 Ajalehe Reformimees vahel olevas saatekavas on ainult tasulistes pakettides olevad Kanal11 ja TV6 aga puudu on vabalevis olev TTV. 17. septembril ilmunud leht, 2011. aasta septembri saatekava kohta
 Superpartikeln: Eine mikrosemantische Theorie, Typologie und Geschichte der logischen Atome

==

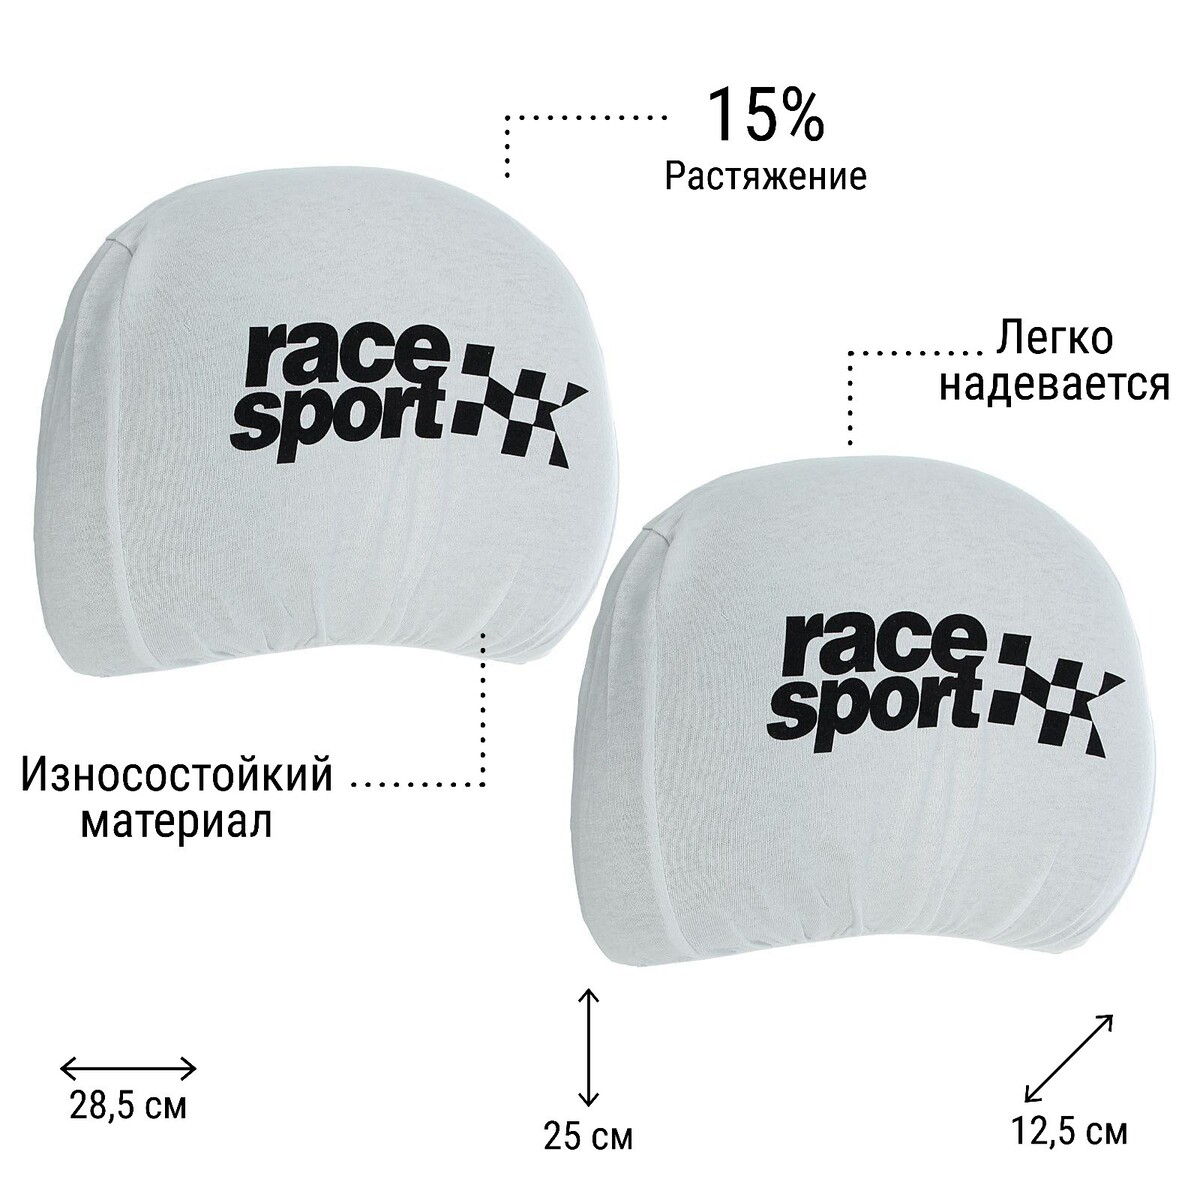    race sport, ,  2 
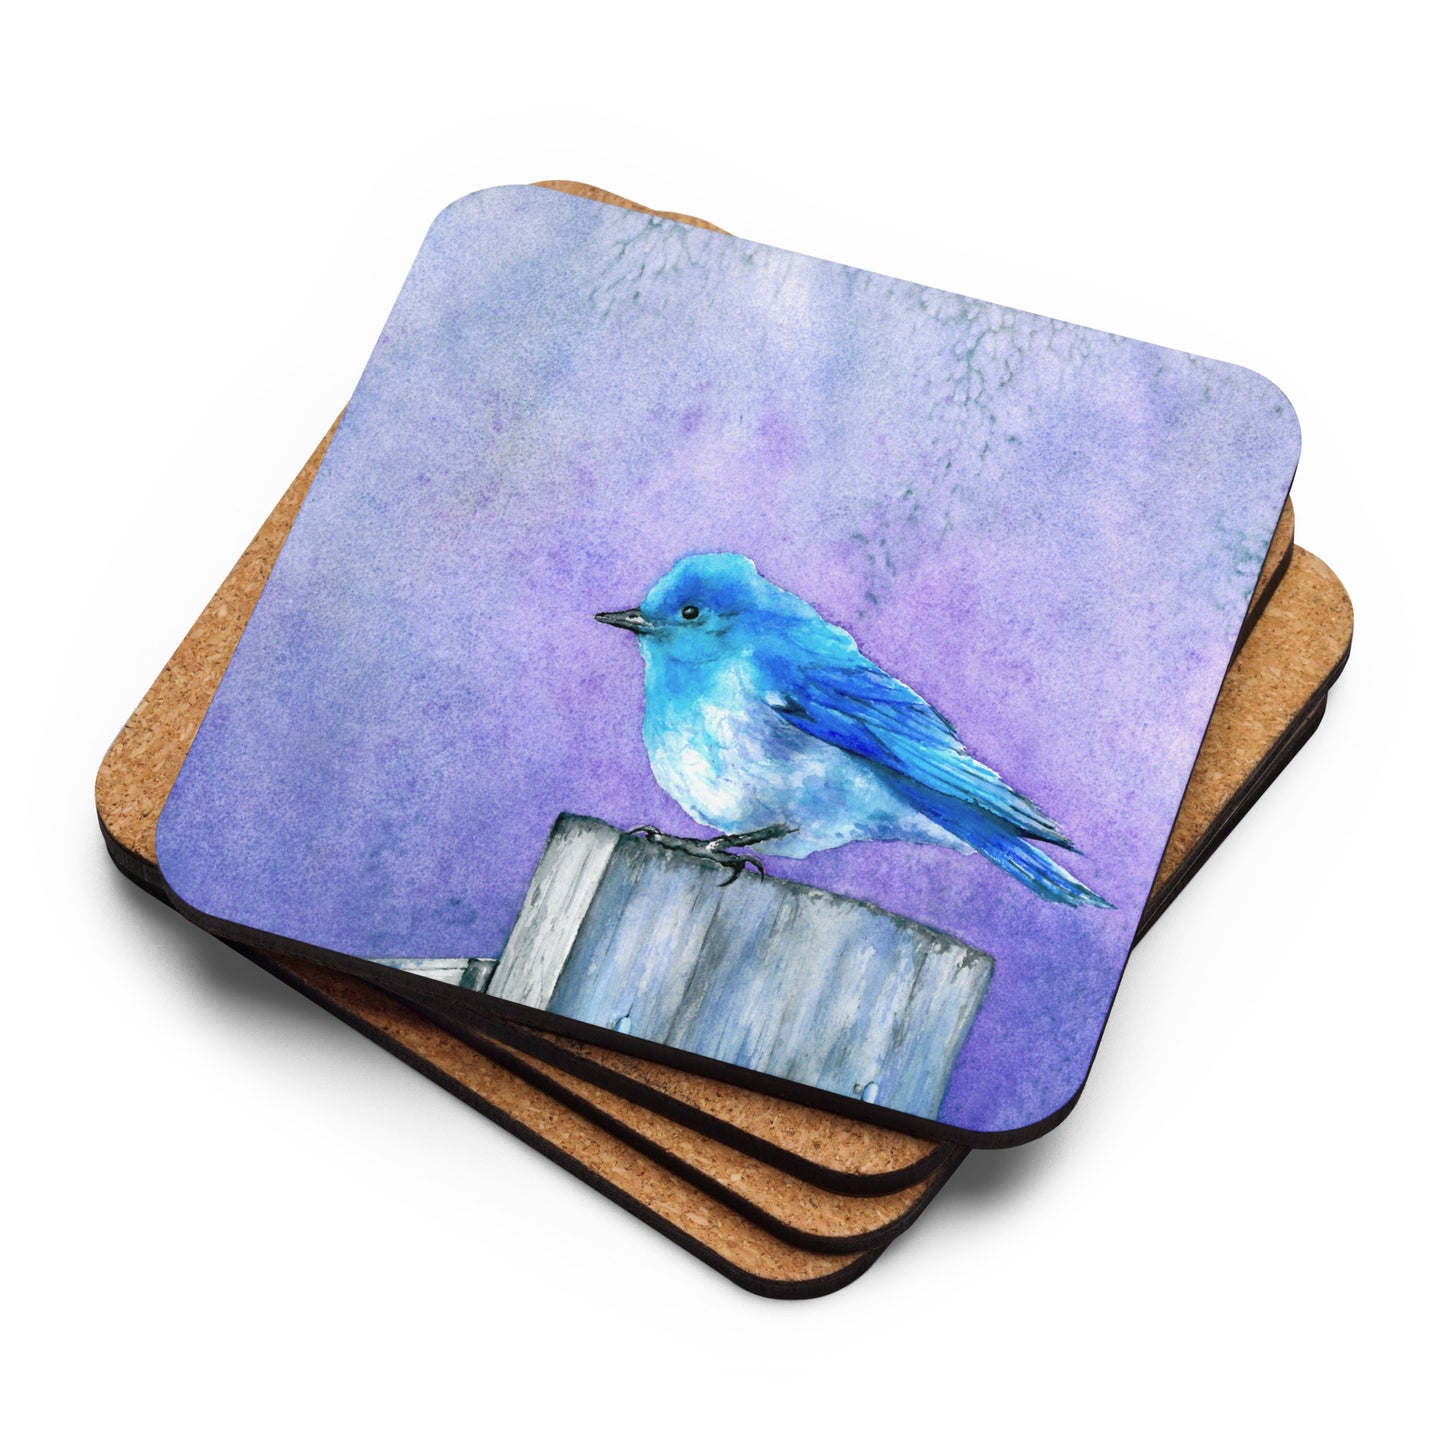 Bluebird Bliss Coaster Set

**The task**
Take the listing above and repeat exactly the lines from the one containing "Ajalehe Reformimees vahel" through the one containing "Superpartikeln: Eine mikrosemantische", both included.

**Response below**
 Ajalehe Reformimees vahel olevas saatekavas on ainult tasulistes pakettides olevad Kanal11 ja TV6 aga puudu on vabalevis olev TTV. 17. septembril ilmunud leht, 2011. aasta septembri saatekava kohta
 Superpartikeln: Eine mikrosemantische Theorie, Typologie und Geschichte der logischen Atome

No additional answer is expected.